Understanding the IPR landscape is one of the things I always try to
do before starting or joining a group. IPR is always a BOF topic. It
is not that we don't discuss in advance. In fact in many cases the
whole raison d'etre for the group is to create an unencumbered
standard to replace a proprietary protocol.
IPR should be discussed at *every* stage. Just because you discuss it
in a BOF doesn't mean you can mandate it out of existence later.
For example, take a look at the Ford-Wienner key management patent
which is due to expire at some point in the not so distant future.
The invention describes a lightweight CRM scheme. I can well imagine
that someone might want to start a working group to produce an
unencumbered CRM protocol based on Ford-Wienner and S/MIME. The
whole point of chartering a group of that type would be to produce a
RANDZ protocol and so it should be stated in the charter.
Or perhaps one that doesn't require a license at all. RANDZ is not
the best outcome ... and yes, you could make statements like that in
the charter (some have), but that doesn't mean a requirement is
appropriate.
I don't think that there are many cases where a non RANDZ IPR clause
is going to fly.
And yet they do, when people choose a slight encumbrance in order to
gain utility within a certain scope of use.
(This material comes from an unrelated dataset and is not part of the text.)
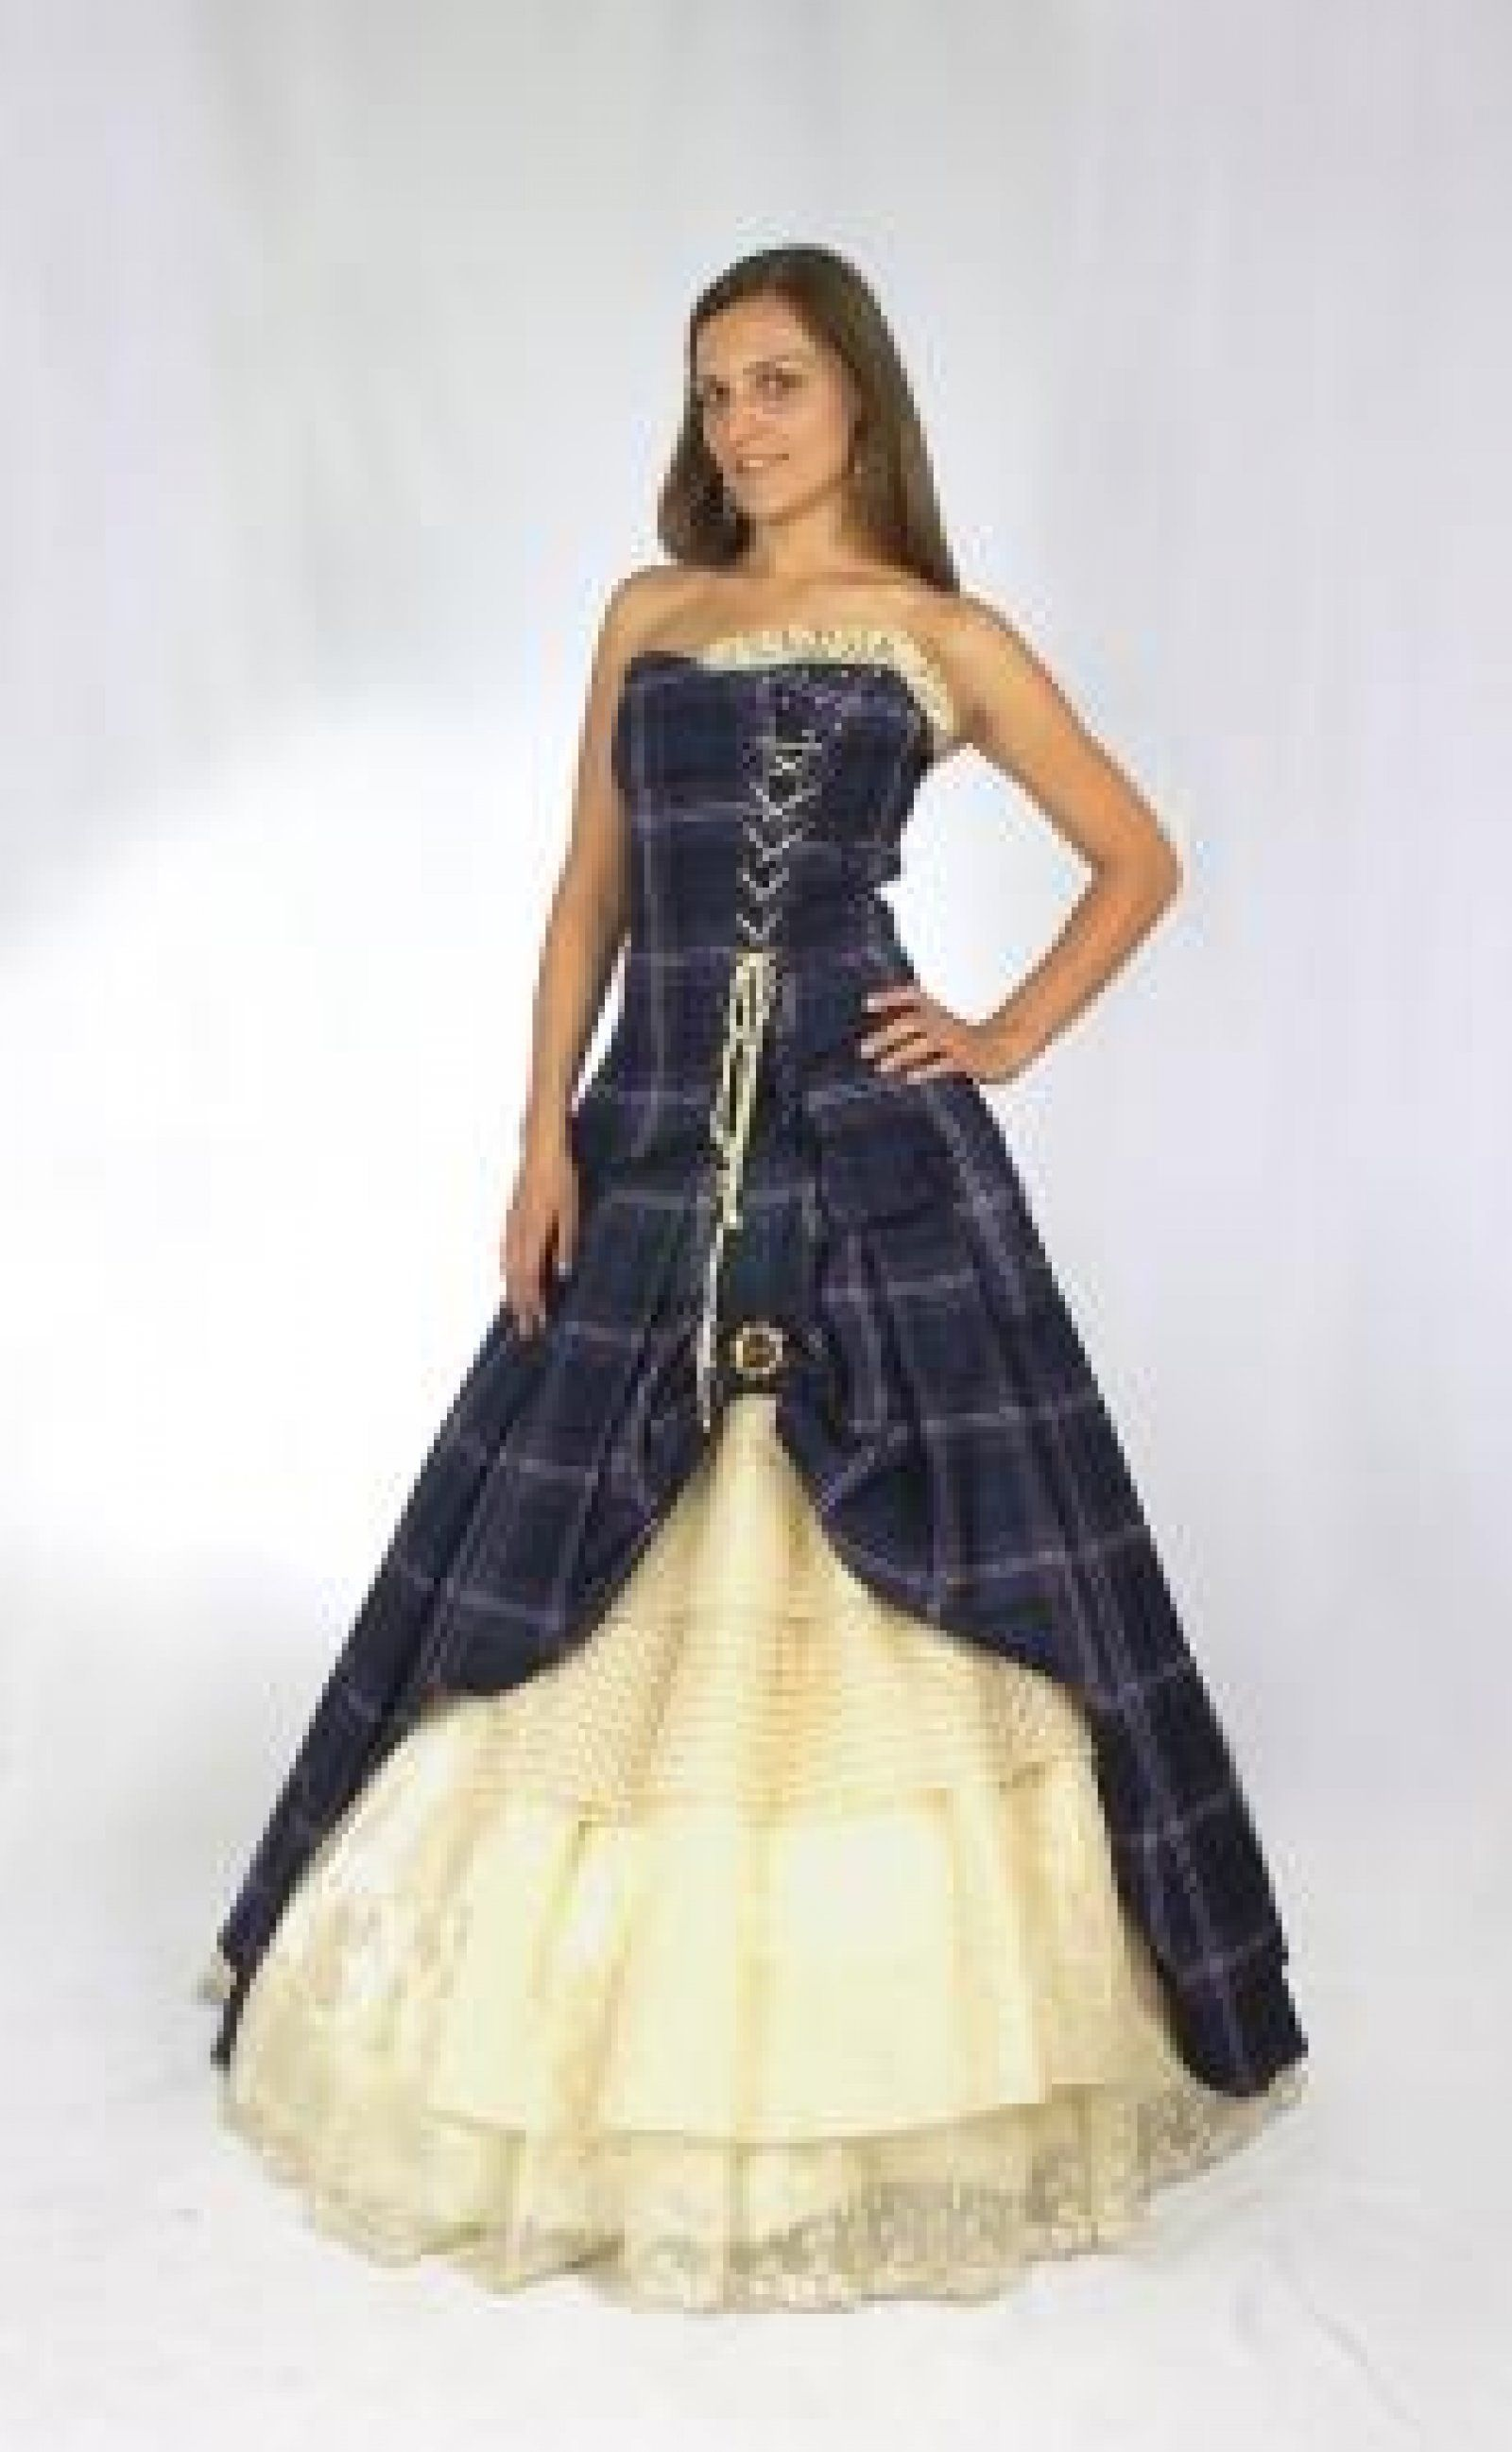 Scottish tartan wedding dress  s WEDDING GOWNS  comment on this picture the weddingvendors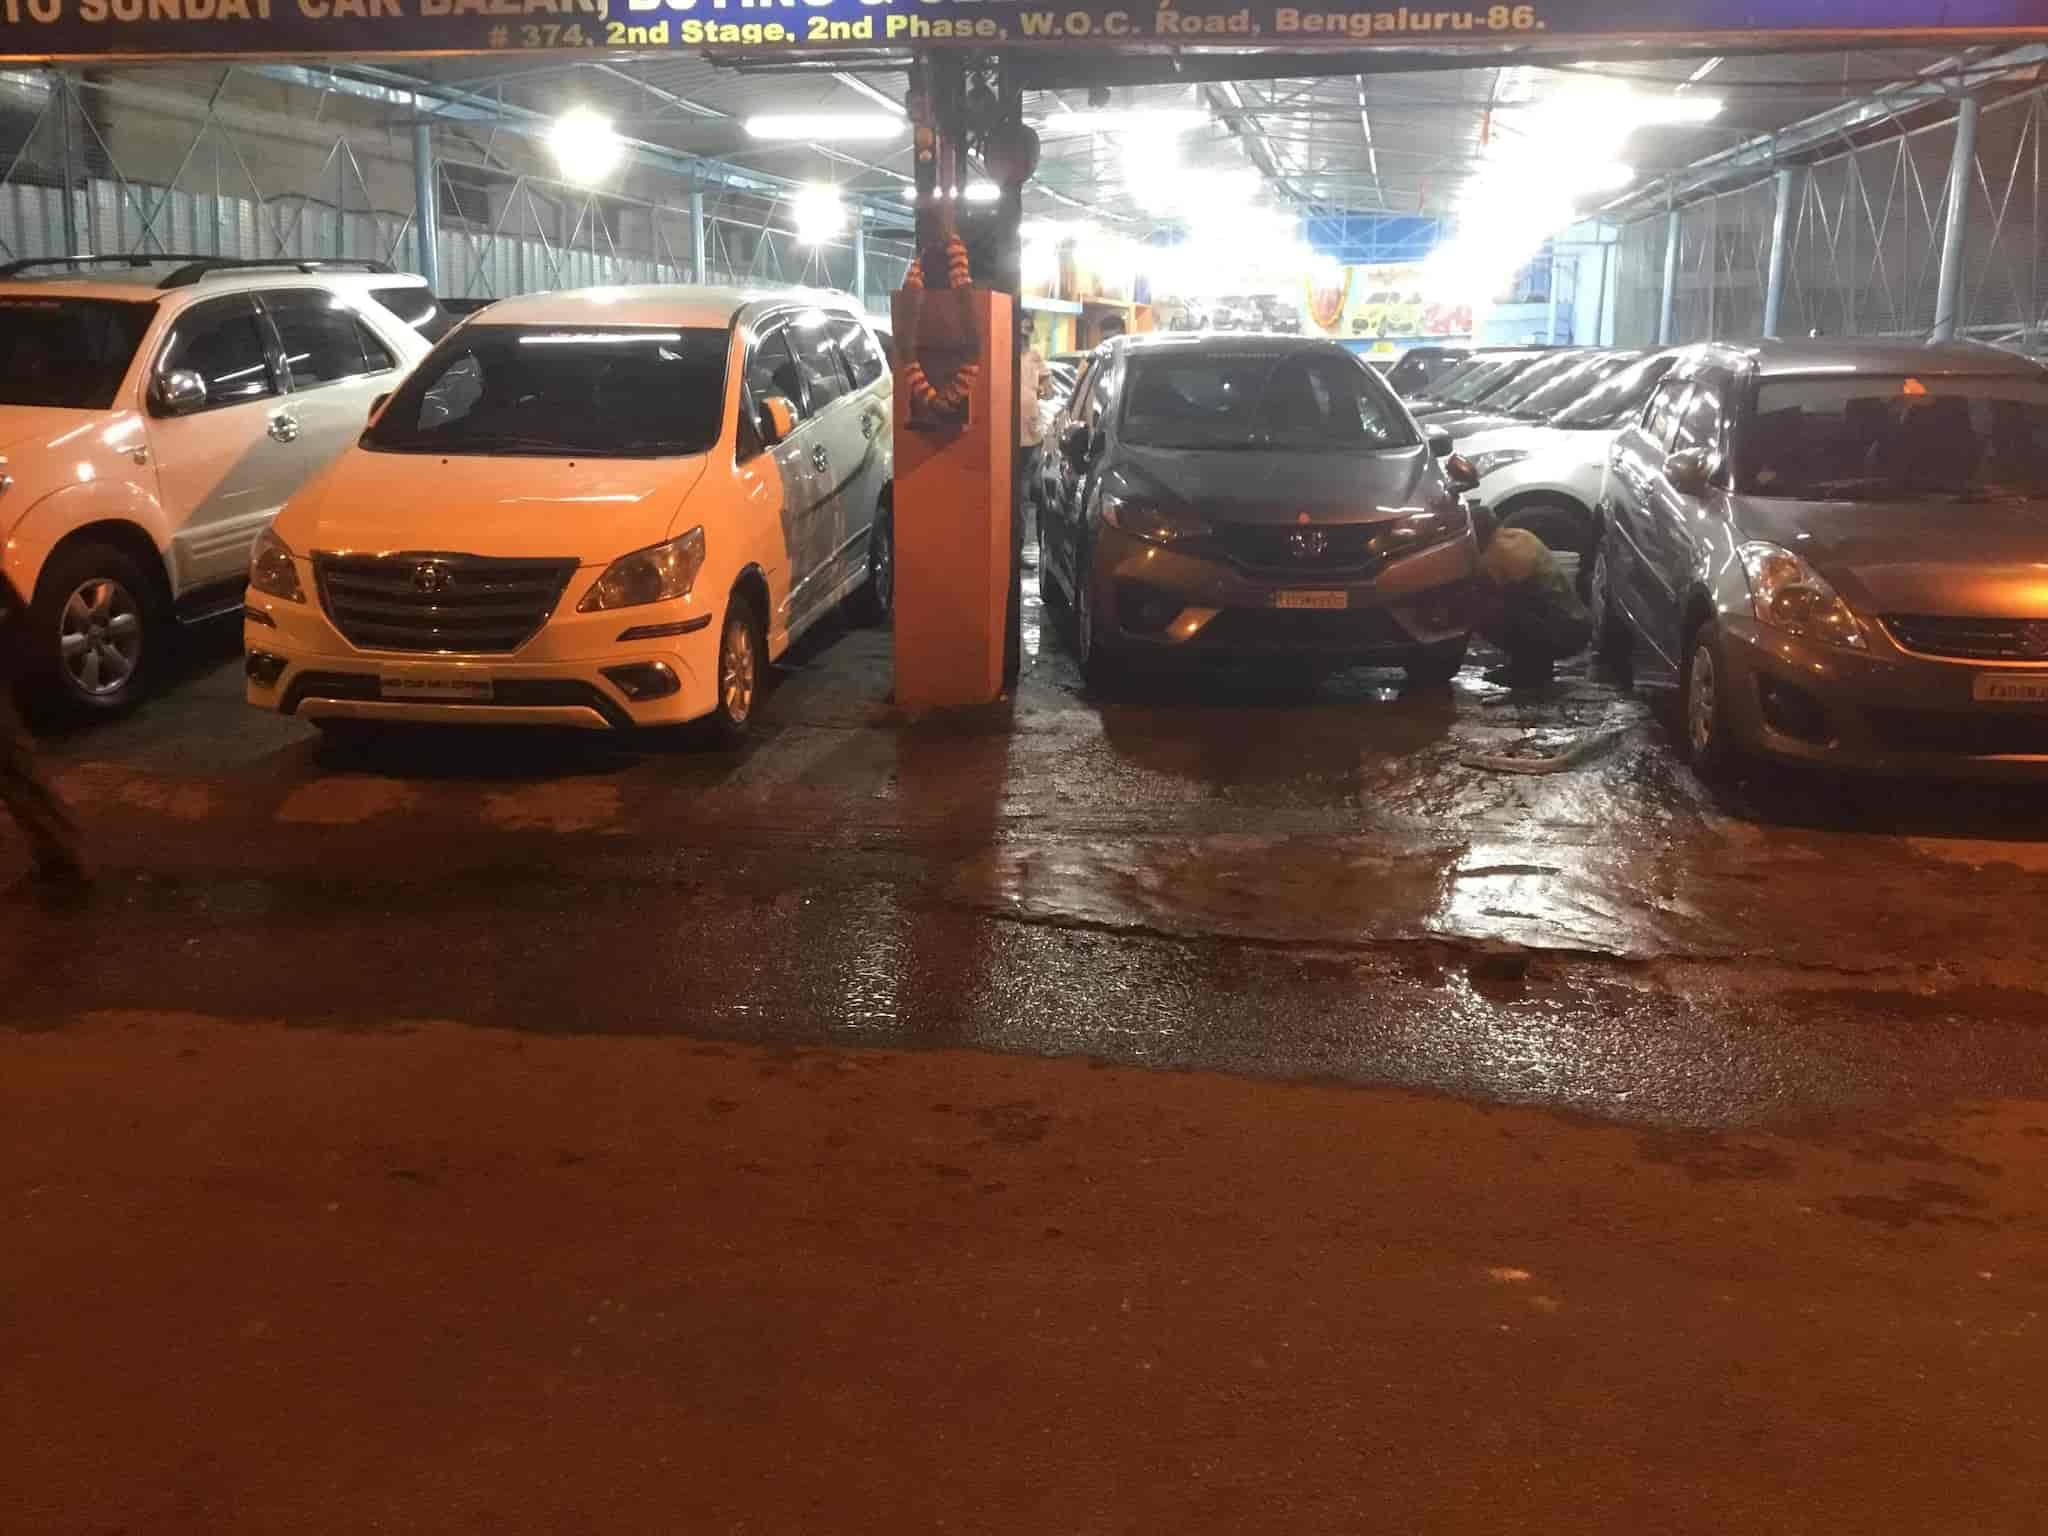 Sagar Auto Consultants Photos, Mahalakshmipuram Layout, Bangalore ...

It's all about tradeoffs
that can only be made once you know exactly what you're trading.
If we have two technologies on offer, A and B from different parties
I want to be able to set up a bidding war between the parties to
offer the most favorable terms.
Good idea ... but afaict most IPR claimants will want to know clearly
how their IPR intersects with the technology being standardized before
they play. That means you can't do this until late in the process.